─── RECORDS SUPPLIED ───

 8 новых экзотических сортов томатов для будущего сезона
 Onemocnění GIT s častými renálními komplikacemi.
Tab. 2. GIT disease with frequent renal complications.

───
─── RECORDS SUPPLIED ───

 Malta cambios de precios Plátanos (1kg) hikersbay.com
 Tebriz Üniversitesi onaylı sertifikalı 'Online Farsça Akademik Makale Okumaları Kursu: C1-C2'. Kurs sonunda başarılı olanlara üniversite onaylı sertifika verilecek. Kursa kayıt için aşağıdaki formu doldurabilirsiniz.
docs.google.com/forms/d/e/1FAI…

───
─── RECORDS SUPPLIED ───

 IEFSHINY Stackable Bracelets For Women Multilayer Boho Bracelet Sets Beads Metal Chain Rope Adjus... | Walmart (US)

───

*WHAT IS EXPECTED*
In the listing above, find the line with "Malta cambios de" and the line with "docs.google.com/forms/d/e/1FAI…", then print exactly those two lines and every line between them, and nothing more.

*RESPONSE TO THIS TASK*
 Malta cambios de precios Plátanos (1kg) hikersbay.com
 Tebriz Üniversitesi onaylı sertifikalı 'Online Farsça Akademik Makale Okumaları Kursu: C1-C2'. Kurs sonunda başarılı olanlara üniversite onaylı sertifika verilecek. Kursa kayıt için aşağıdaki formu doldurabilirsiniz.
docs.google.com/forms/d/e/1FAI…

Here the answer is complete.